(Entries supplied begins)

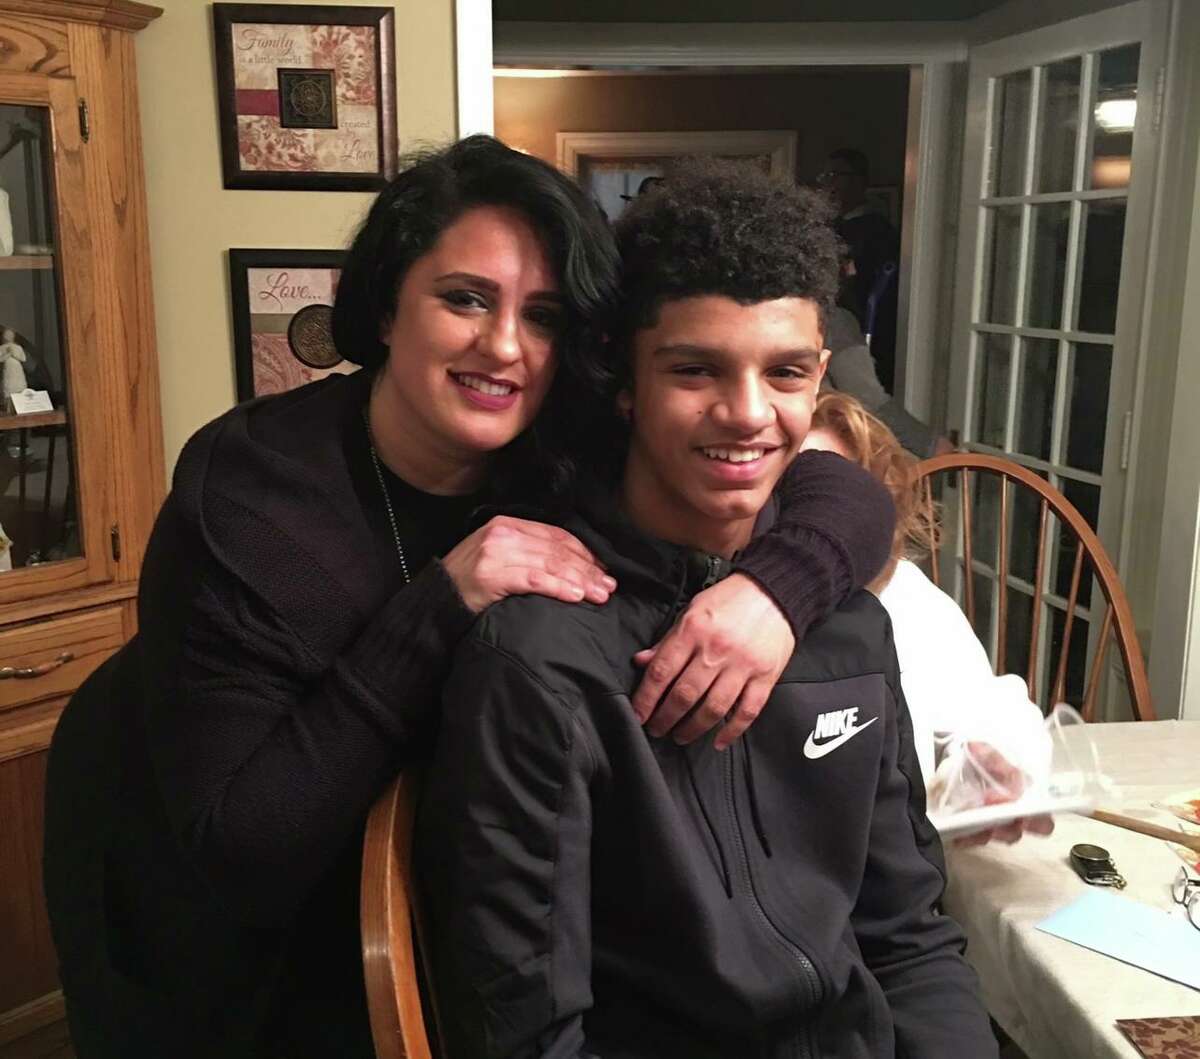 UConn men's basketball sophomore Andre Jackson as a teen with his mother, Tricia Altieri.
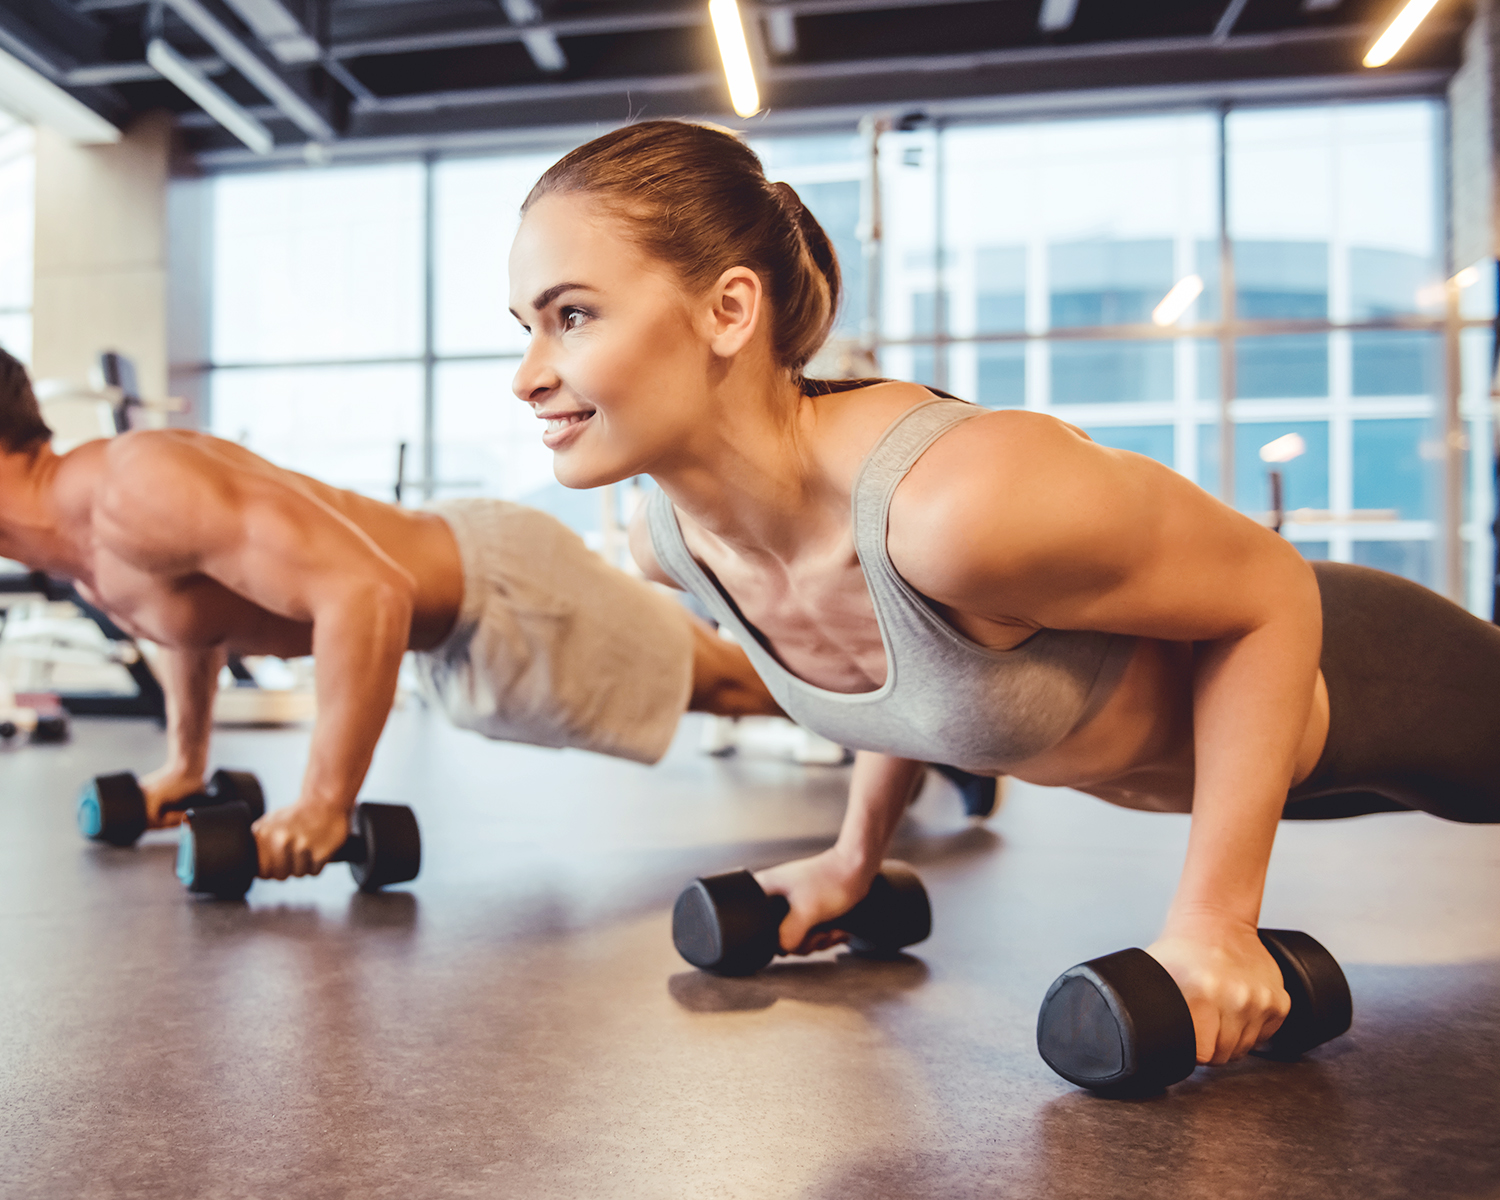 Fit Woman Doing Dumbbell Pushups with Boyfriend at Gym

(Entries supplied ends)
(Entries supplied begins)

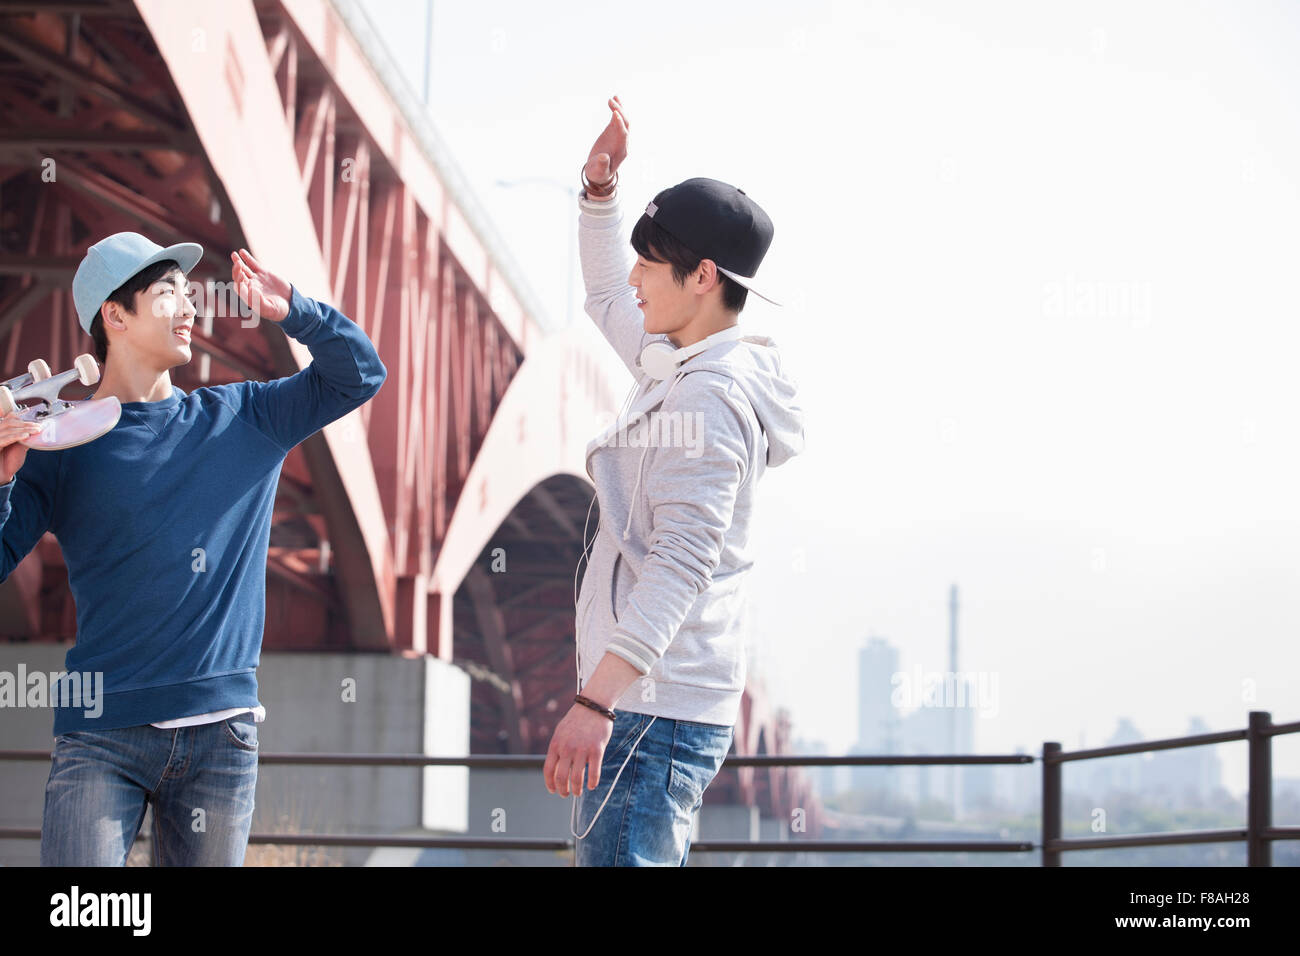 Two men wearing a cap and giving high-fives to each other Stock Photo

(Entries supplied ends)
(Entries supplied begins)

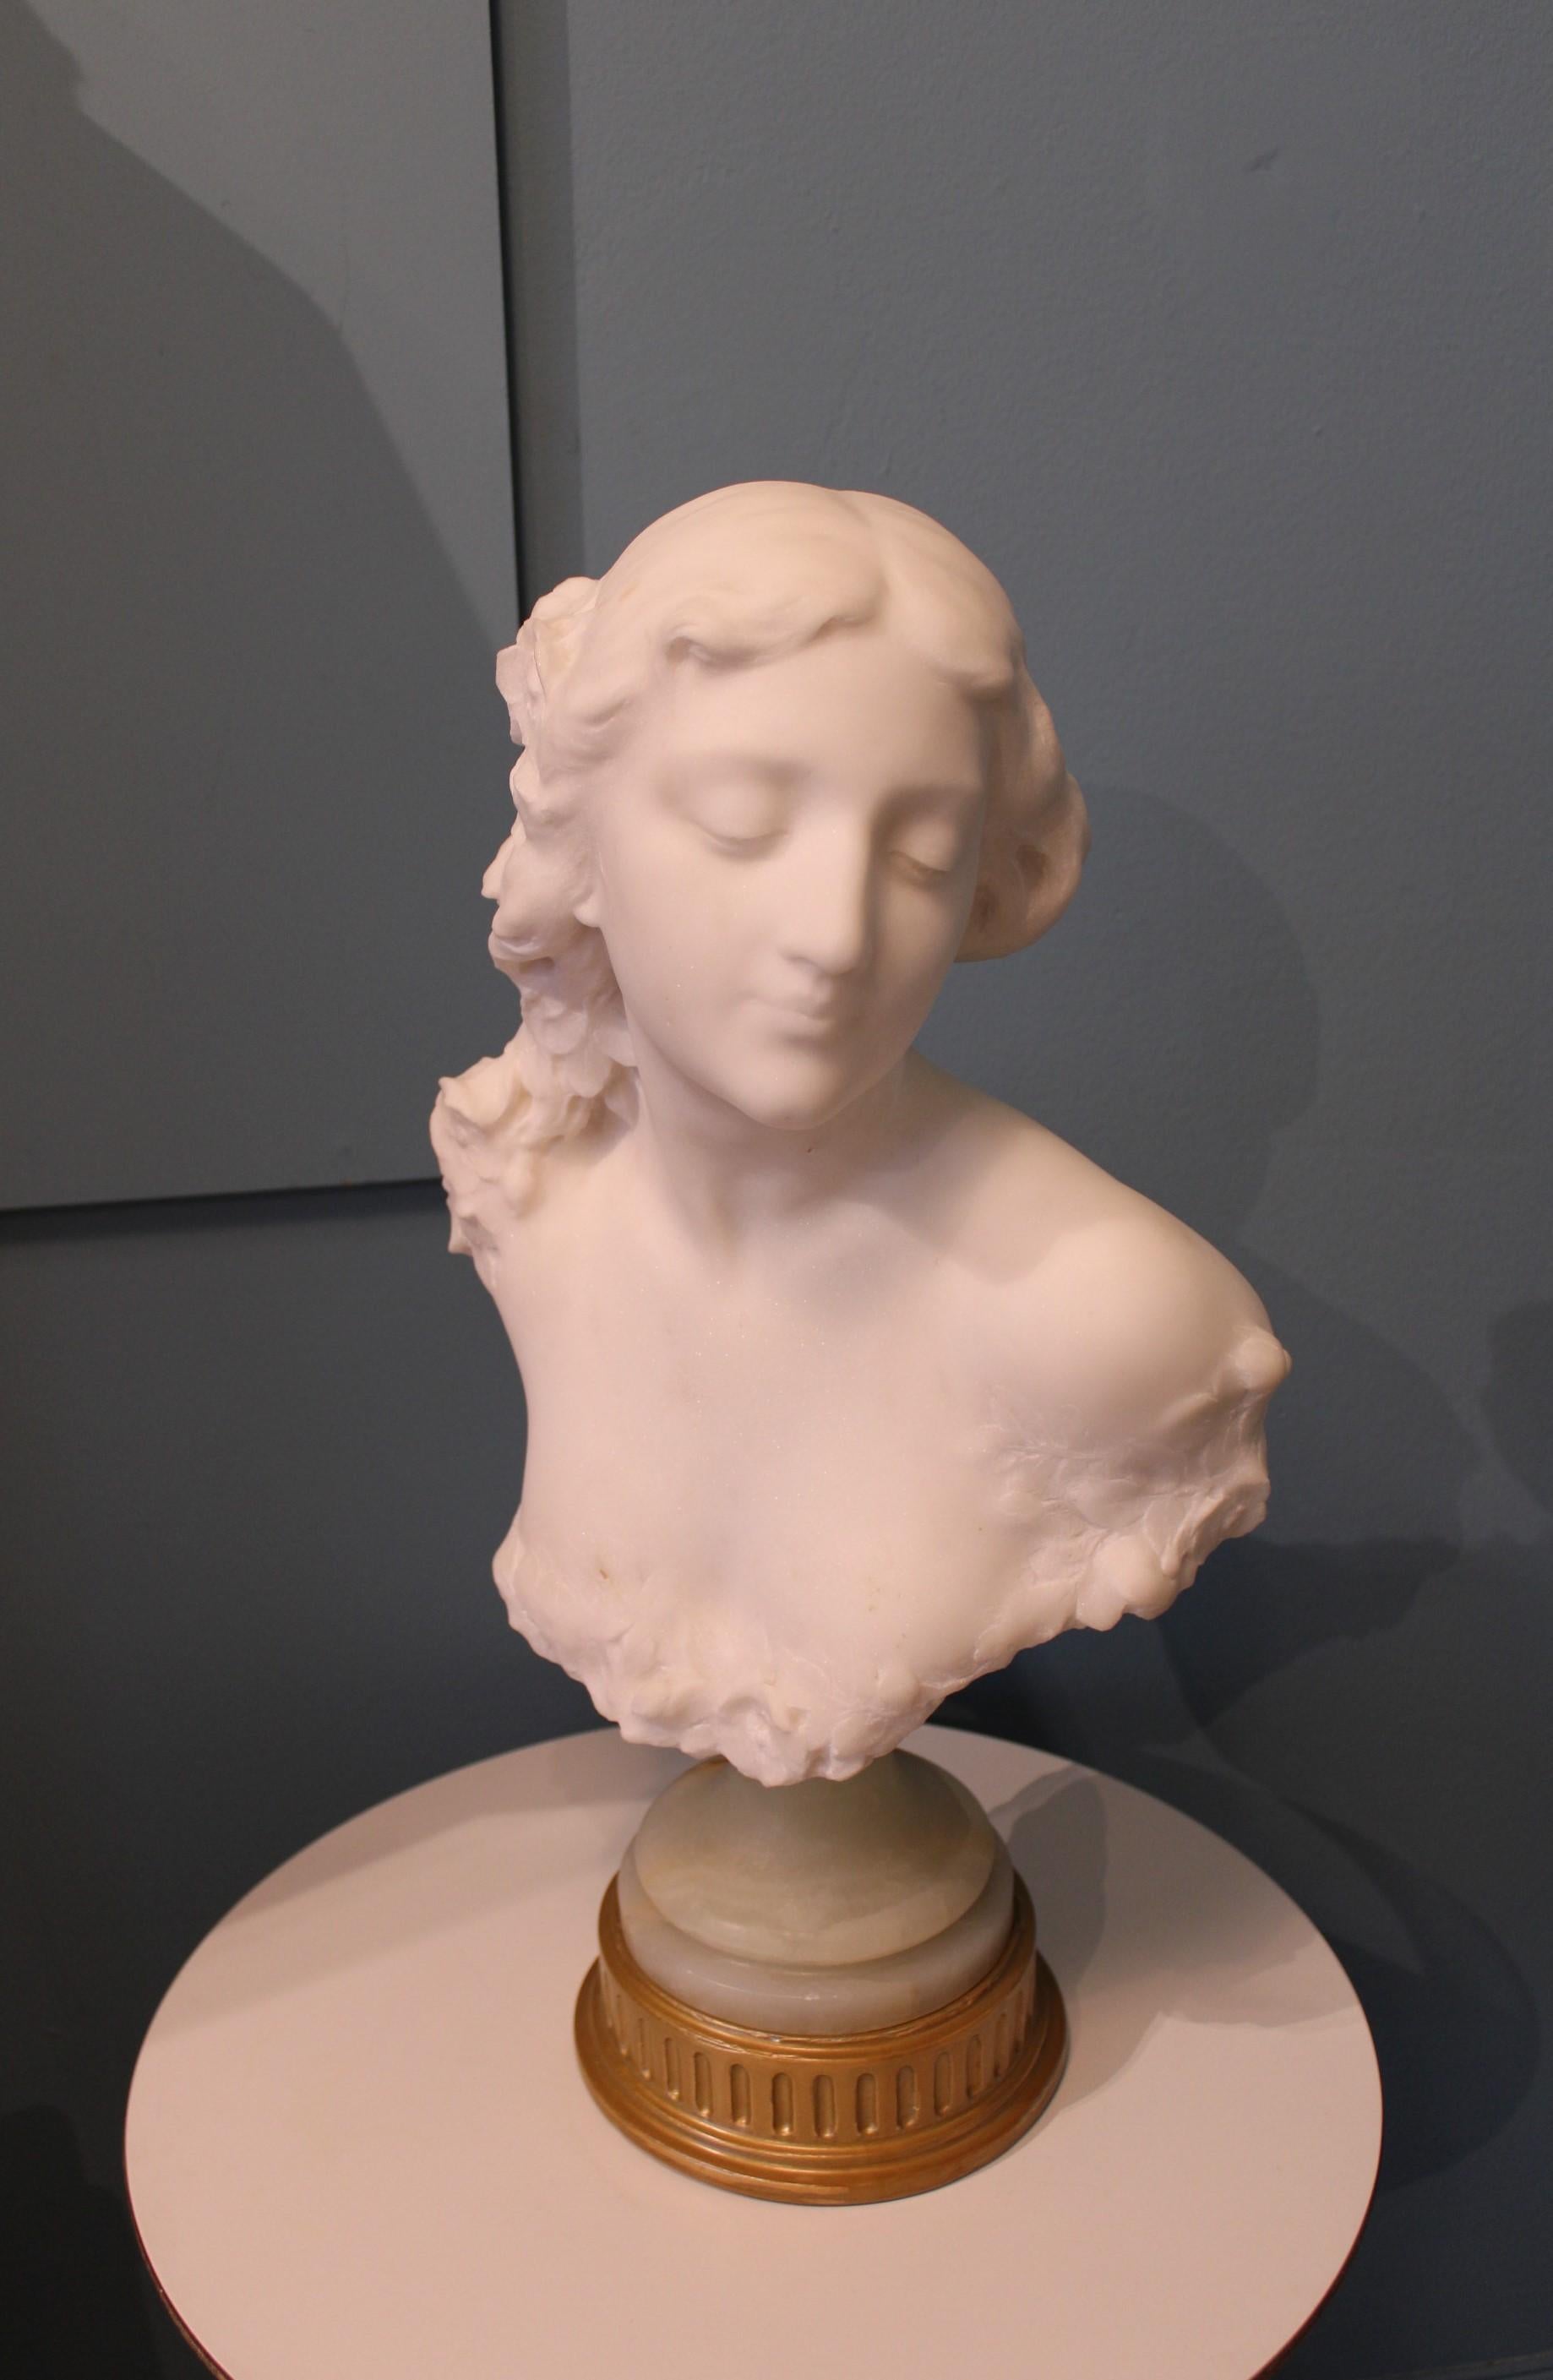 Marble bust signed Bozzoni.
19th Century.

(Entries supplied ends)

What you have to do
In the listing above, find the line containing "UConn men's basketball" and the line containing "Fit Woman Doing", then output those two lines and everything between them exactly as written, without the images.

Reply
 UConn men's basketball sophomore Andre Jackson as a teen with his mother, Tricia Altieri.
 Fit Woman Doing Dumbbell Pushups with Boyfriend at Gym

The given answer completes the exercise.